[Dataset section — start]

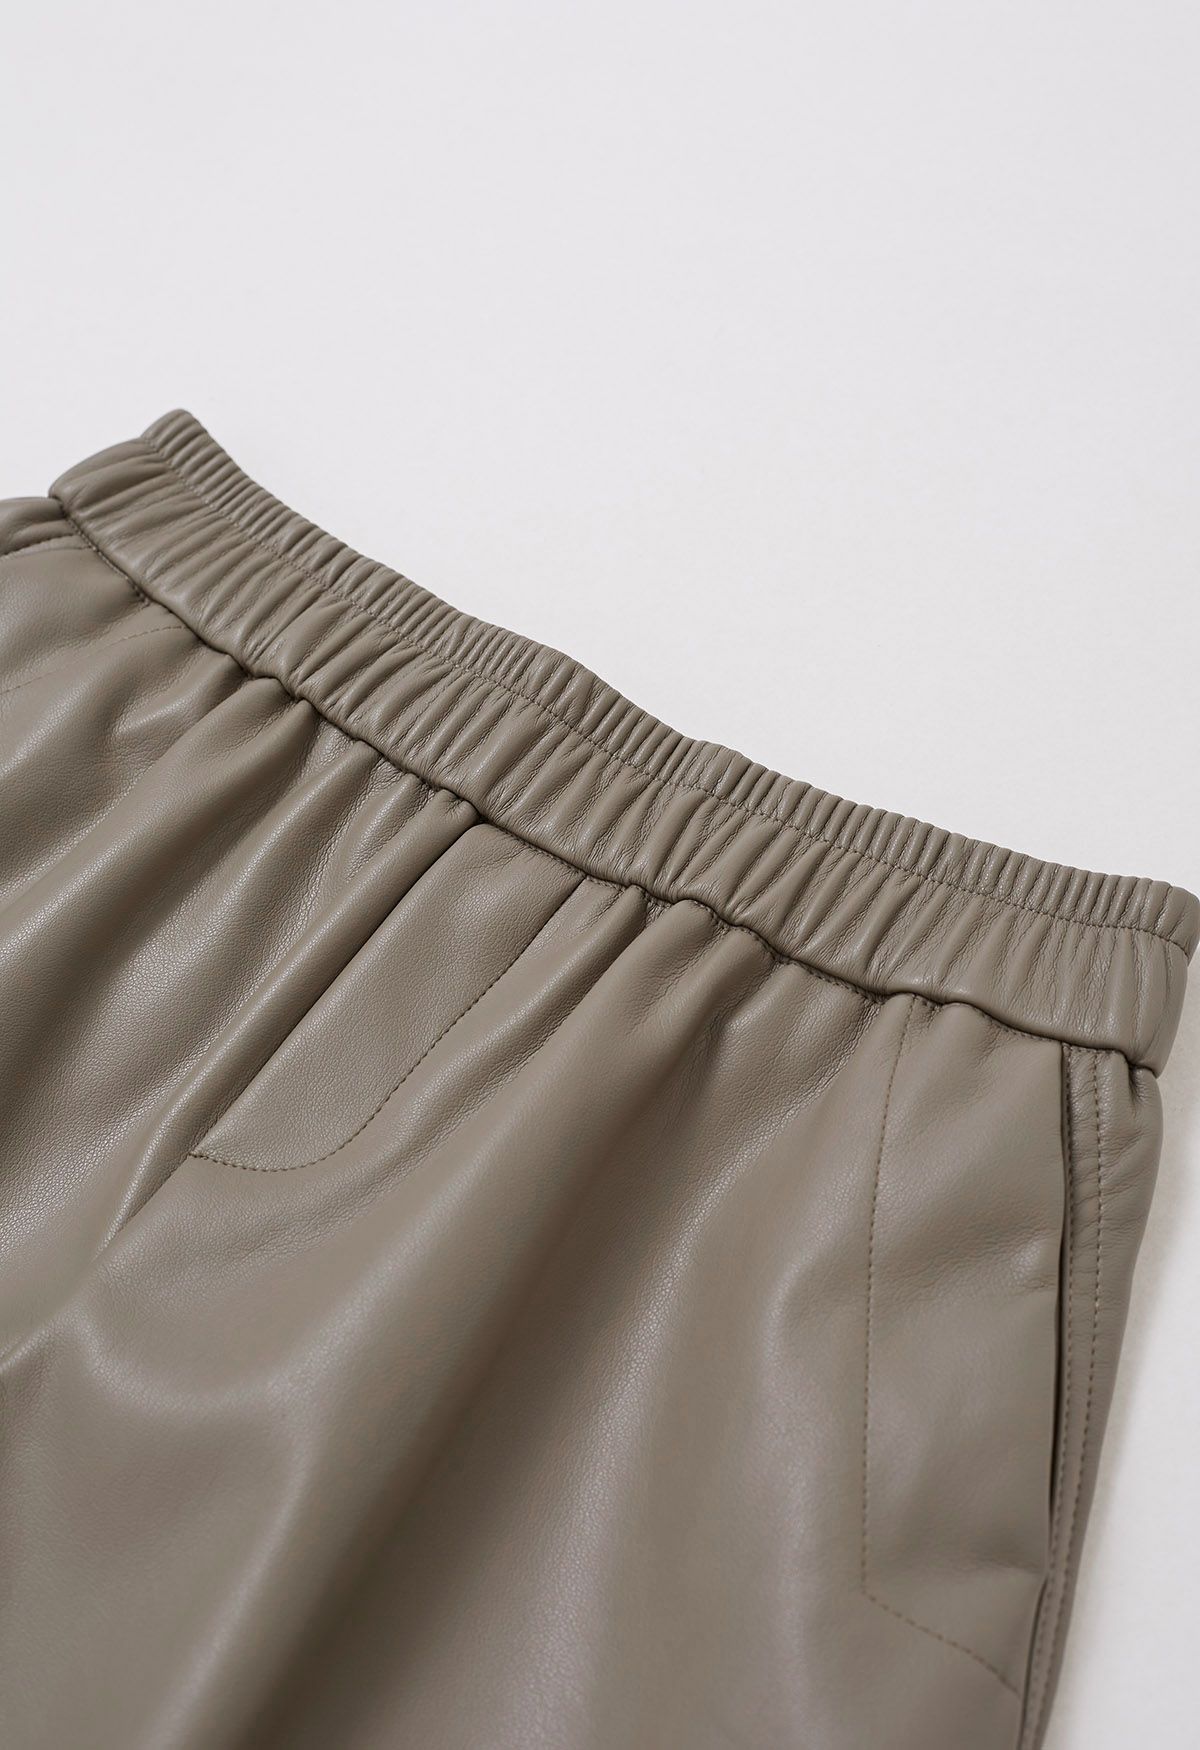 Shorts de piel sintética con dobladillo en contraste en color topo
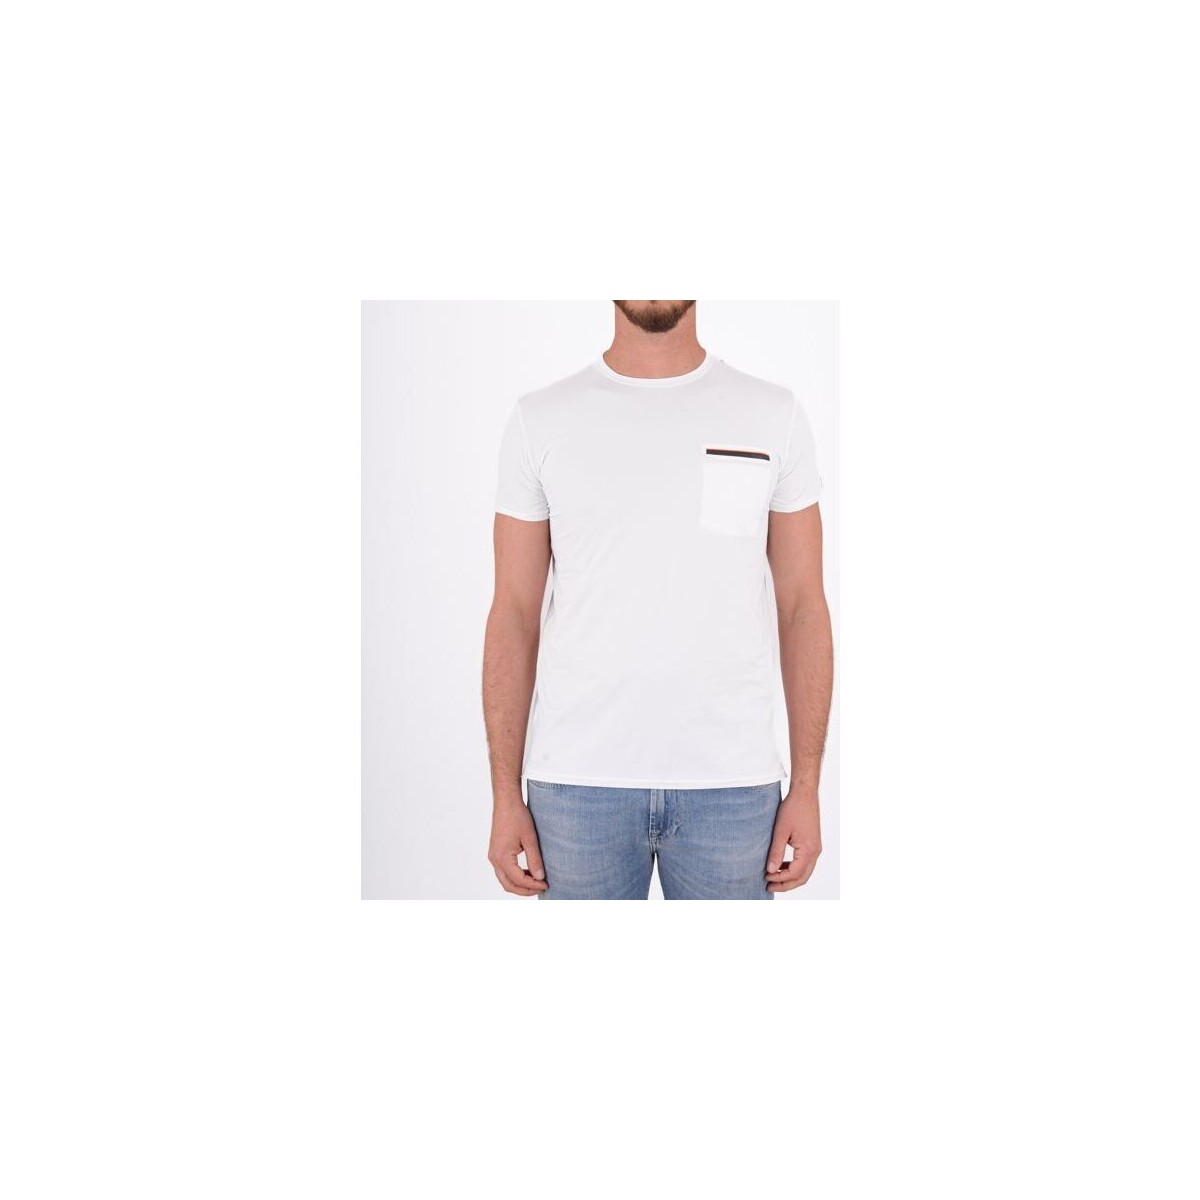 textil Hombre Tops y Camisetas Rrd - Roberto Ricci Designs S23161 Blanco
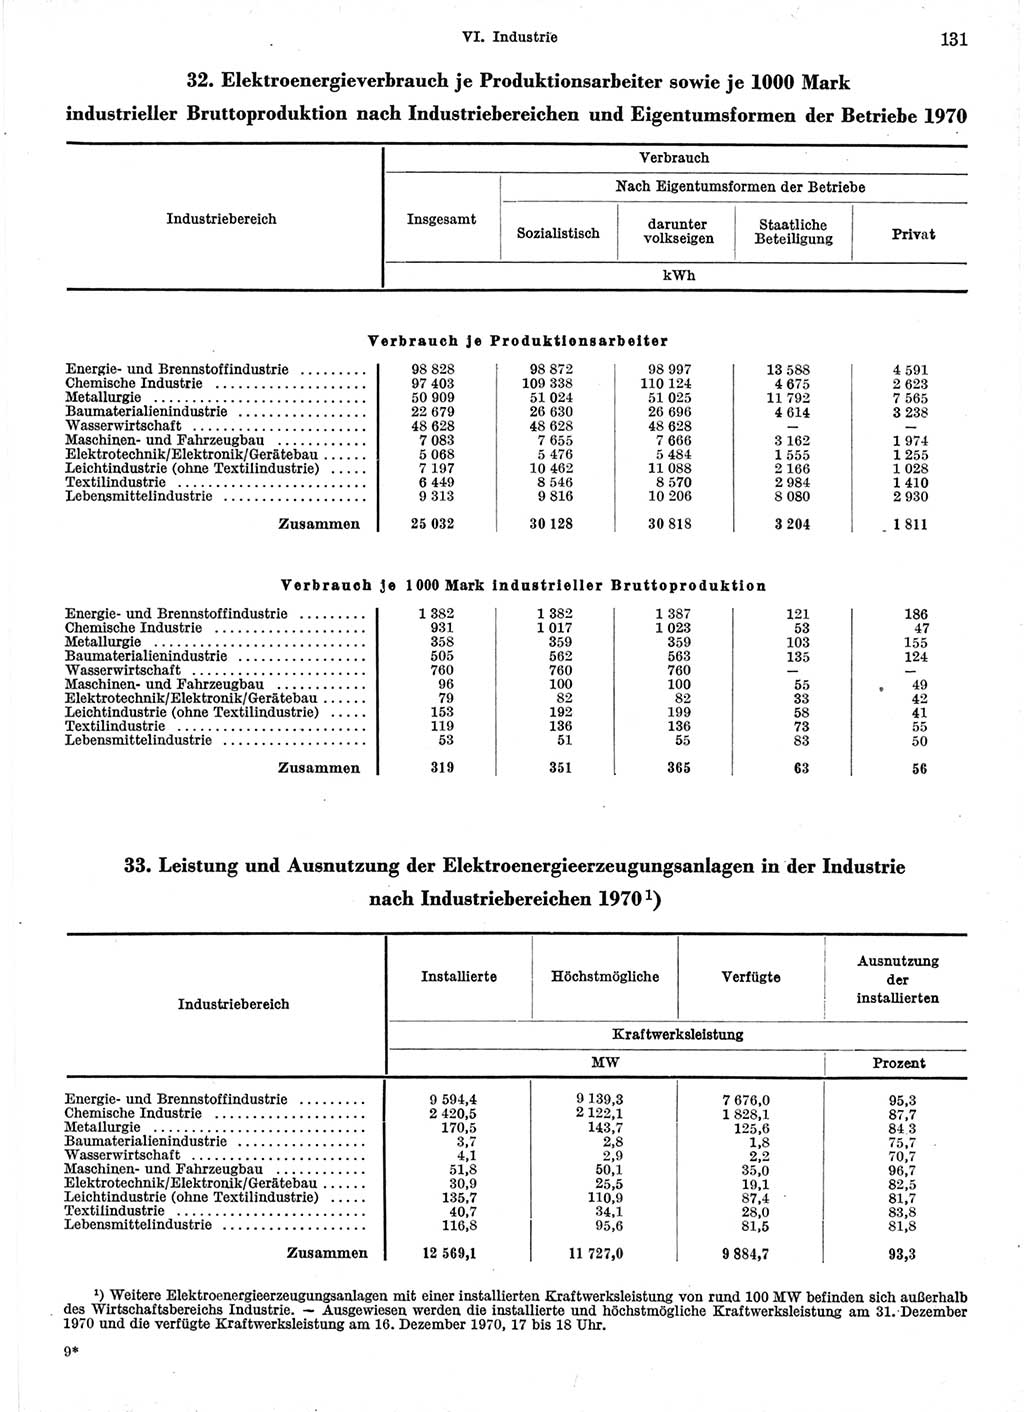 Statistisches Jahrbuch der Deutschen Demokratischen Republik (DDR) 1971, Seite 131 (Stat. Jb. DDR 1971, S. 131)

[Dataset section — finish]

Every line of the listing should be copied precisely, with images omitted.

 Shorts de piel sintética con dobladillo en contraste en color topo
 textil Hombre Tops y Camisetas Rrd - Roberto Ricci Designs S23161 Blanco
 Statistisches Jahrbuch der Deutschen Demokratischen Republik (DDR) 1971, Seite 131 (Stat. Jb. DDR 1971, S. 131)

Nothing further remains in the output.